A Jolly-ish Check-In

Quest
Jack and Hannah Ormerod and Lucia, Delphine & Fin
Sun 2 Apr 2017 05:24
The last time we went to Jolly Harbour’s customs and immigration office in Antigua to check-out, the fine gentleman in the pic below stamped Long Ear’s passport as well as ours. Long Ears being Delphine’s trusty bunny. He made a very big deal out of it. Flourishing signature and not a smile in sight. This time we had to corner him for a photo. It took some persuading! Some people are kind and want no recognition for it. Like recognition degrades their kindness. Well, luckily his female colleagues weren’t having any of it. They shouted, ‘Sit down and have your photo taken with these nice girls!’ Being in the Caribbean, he wasn’t stupid. He sat. 

Since we’re a boat with a dog (even one who thinks she’s human), we had a long check-in day. We get it, except for apparent bat populations in Trinidad, the Caribbean islands have no rabies and they want to keep it that way. To check Fin’s paperwork met this same criteria, the vet was due to meet us in the late afternoon. So, after grabbing some lunch and taping our eyes open while we still felt our day and night passage from the BVIs, we left the girls on Quest. With the VHF radio on and a handheld VHF in our hands to keep us in touch, we dinghied back to the customs dock. ‘You saw Dr. Martin? Laetitia Martin?’ The vet, Dr. Hull-James, surely competition favourite for world’s-prettiest-vet-smile, asked us. ‘I didn’t know she was a government vet now.’ Now while Dr. Hull-James could win the smiling category,, Dr Martin, the government vet from Tortola must be favourite for world’s-funniest-vet-laugh. You could even take the vet out of it and she’d still qualify. This lady can make the moon smile. ‘You know her?’ I asked. Dr Hull-James nodded, flashed her pearlers and melted a nearby bag of ice. ‘We were in school together.’ 

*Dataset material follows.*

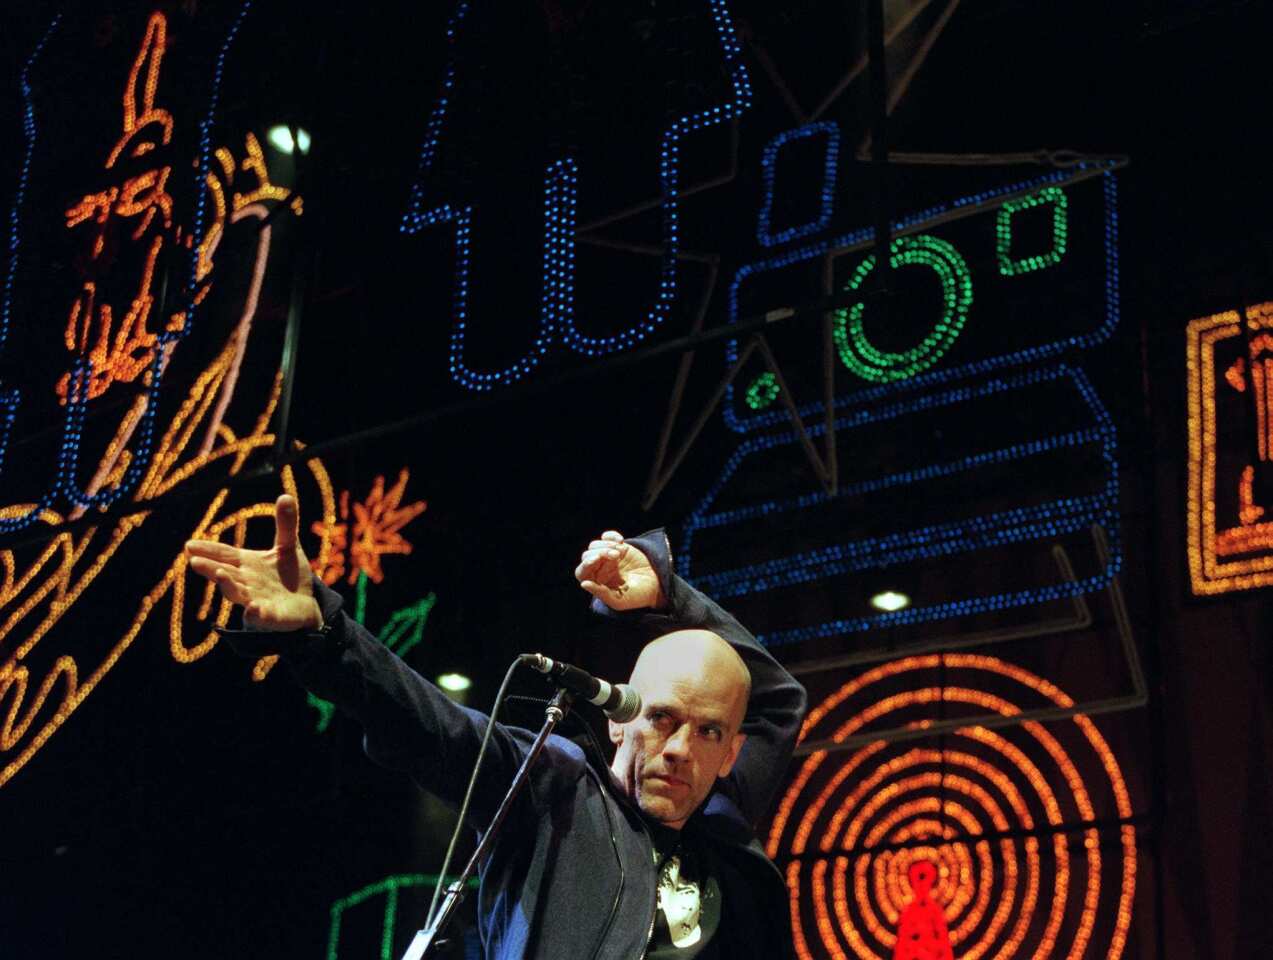 R.E.M.: At the Greek Theatre in 1999
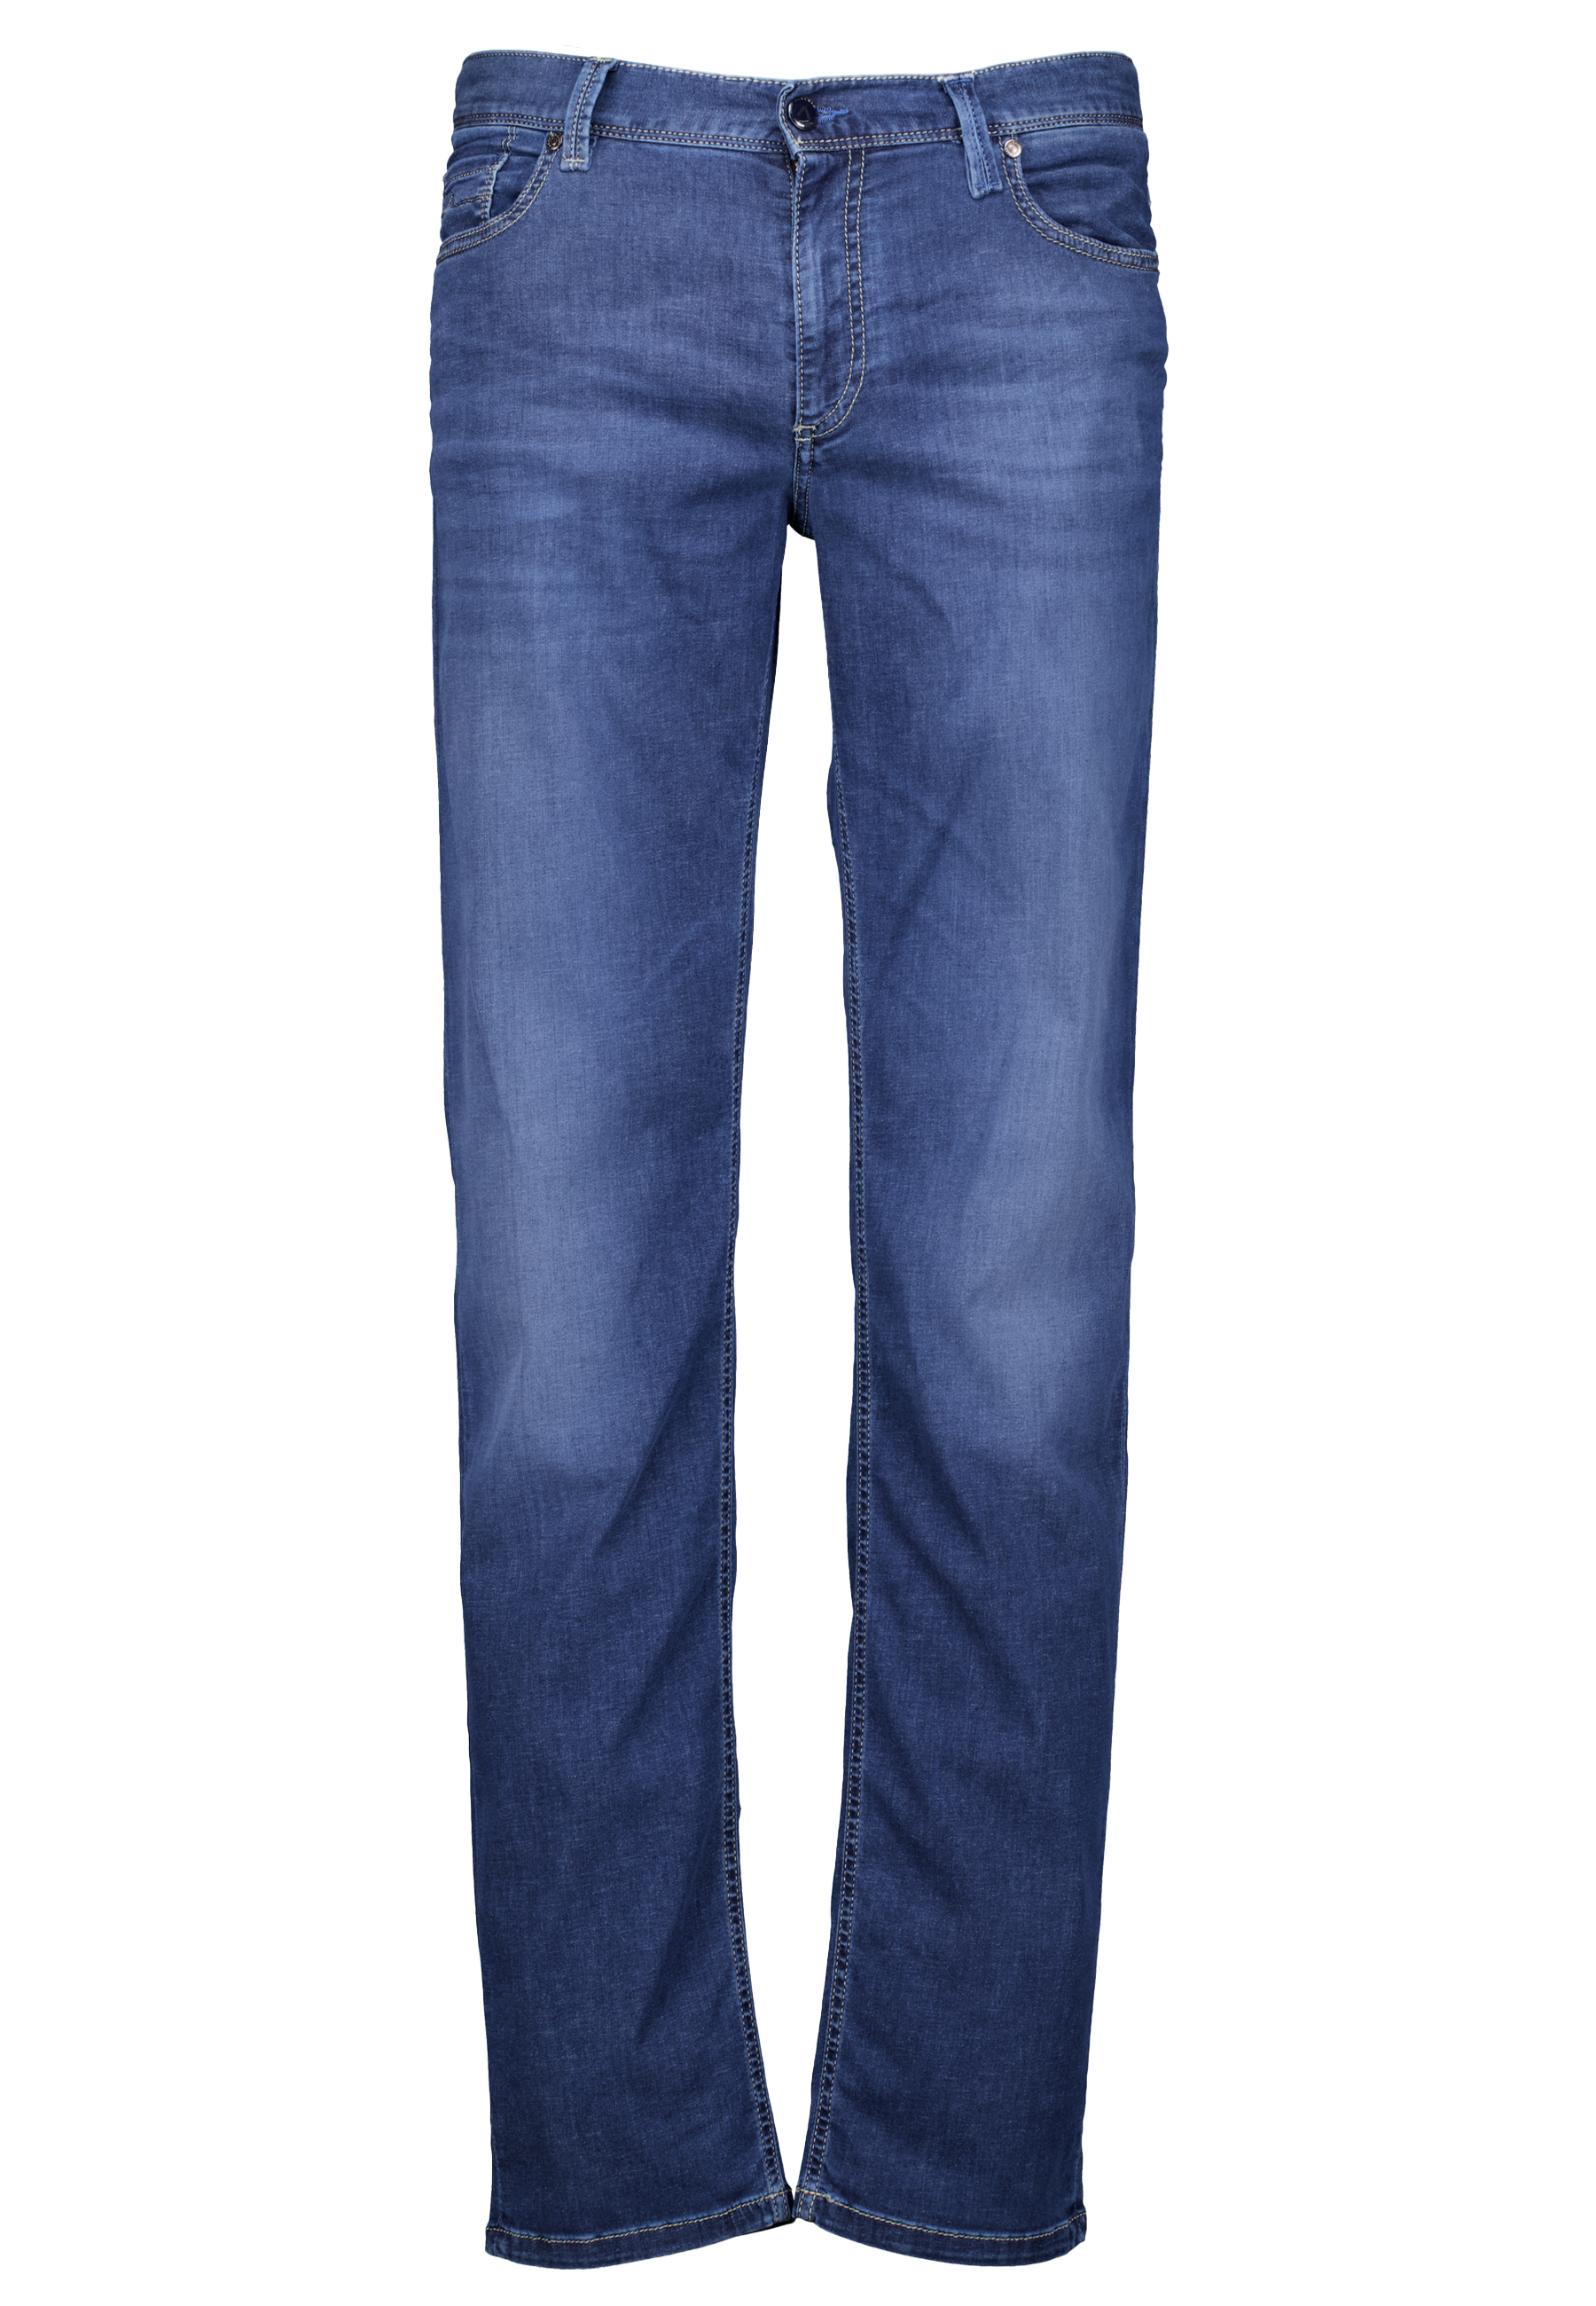 Alberto jeans donkerblauw Heren maat 33/34

As Fin provided the unlikely link between two old vet friends, Quest’s Cap suddenly took off towards the customs’ dinghy dock.. ‘Hey!’ he shouted to a man getting out of his dinghy, ‘you just used my dinghy as your fender! What are you doing?’ My skin prickled. Dr Hull-James was still talking and I was still nodding. But my ears had changed their signal orientation. They were focused on the dinghy dock. This man had used our dinghy to stop his own from hitting a barnacle-covered dock? Not cool. Bad boating etiquette. And he'd had been busted fair and square. Except he didn’t realise that he’d been busted by the real-life Otto from A Fish Called Wanda. Even Dr. Hull-James stopped talking. ‘Look,’ the American-accented man eventually said to Jack, his footsteps almost at running pace, ‘you’re right, I’m an ass.’ With this, he side-stepped around the side of customs and out of sight. Jack shook his head. ‘I’m sorry,’ he said, turning back to Dr. Hull-James. ‘But it wasn’t right.’ She shook her head. Smiled. Temporarily blinded us. ‘Don’t worry. People can’t just do what they want to if it isn’t right.’